◆ What is required
Leaving out all pictures, write out word for word the lines from the one containing "Navy and black" to the end of the data below.

◆ Information supplied
----

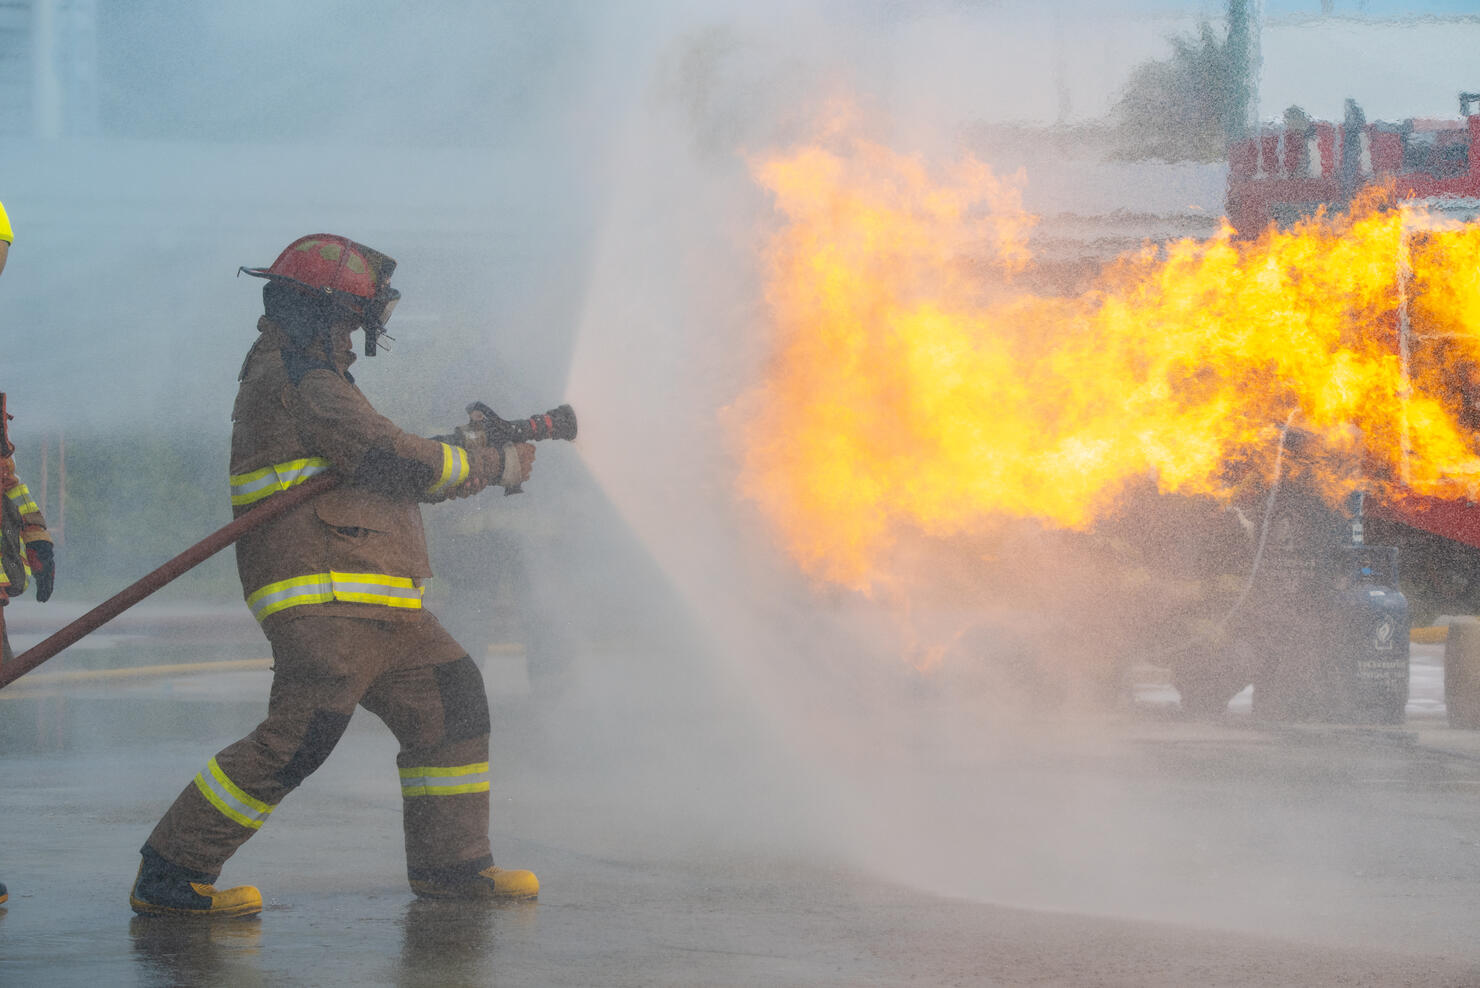 Firefighter spraying water at a house fire
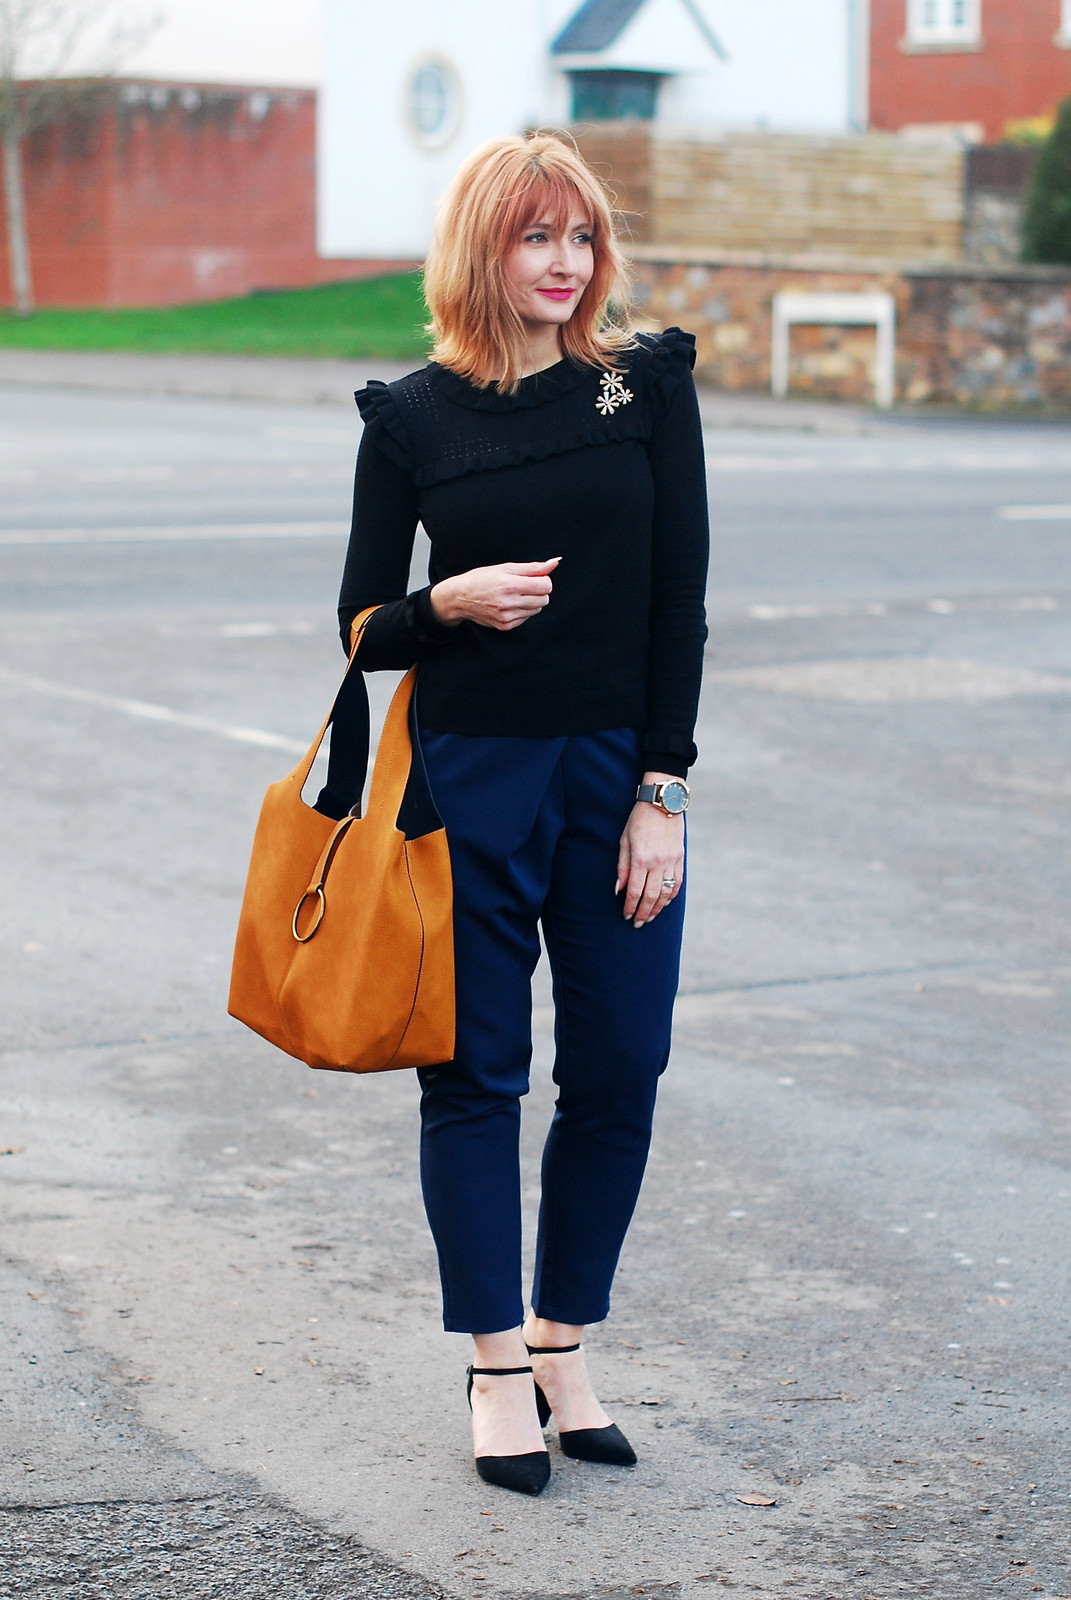 Navy and black together: Navy peg leg trousers black ruffled sweater black pointed heels mustard bucket bag | Not Dressed As Lamb, over 40 style
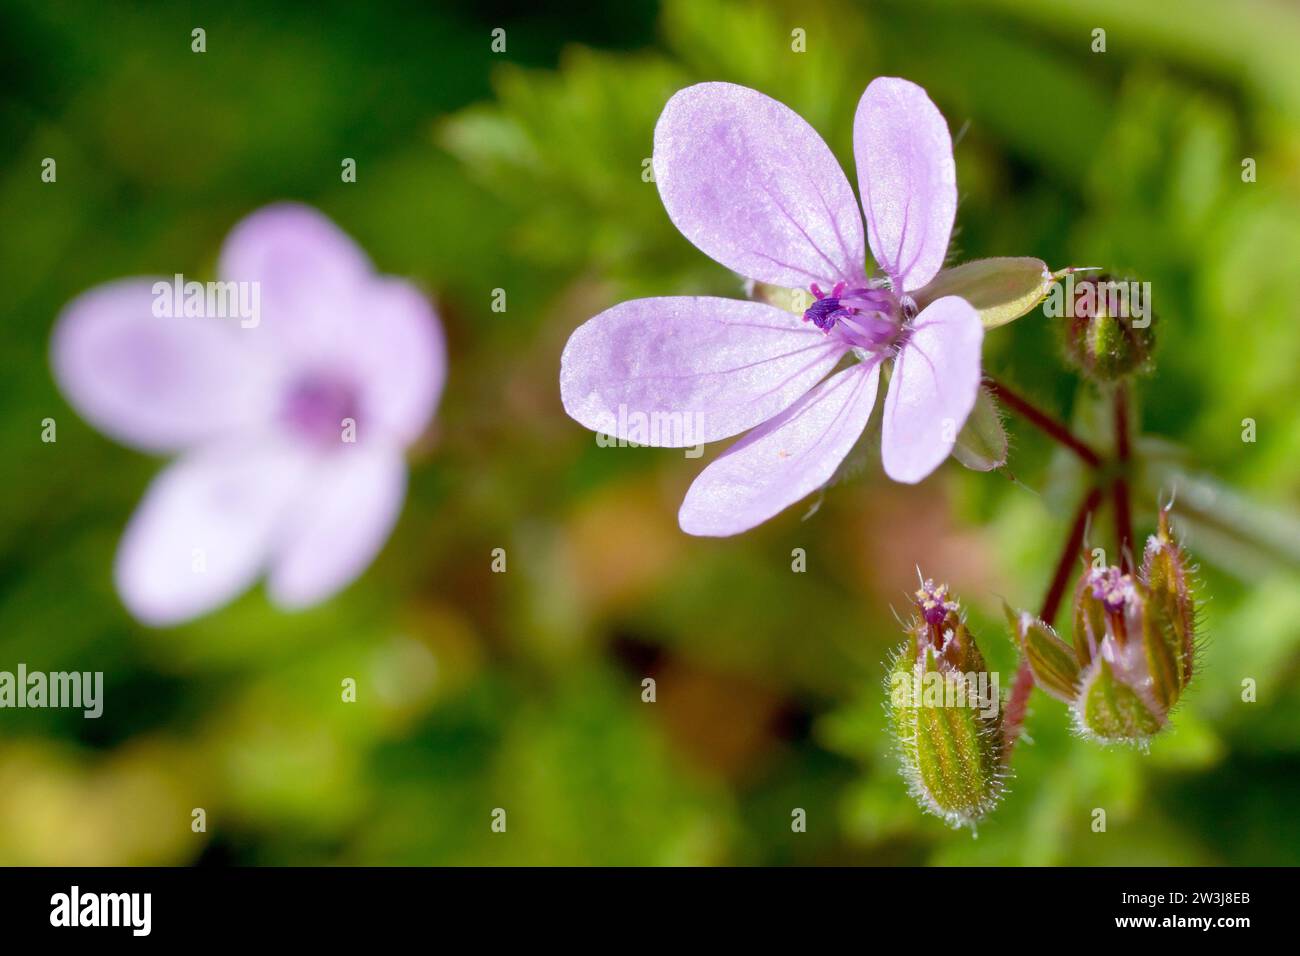 Common Storksbill (erodium cicutarium), close up focusing on a single pink flower with developing seedpods, isolated from the background. Stock Photo

----

◆ Reply to the exercise
 Navy and black together: Navy peg leg trousers black ruffled sweater black pointed heels mustard bucket bag | Not Dressed As Lamb, over 40 style
 Common Storksbill (erodium cicutarium), close up focusing on a single pink flower with developing seedpods, isolated from the background. Stock Photo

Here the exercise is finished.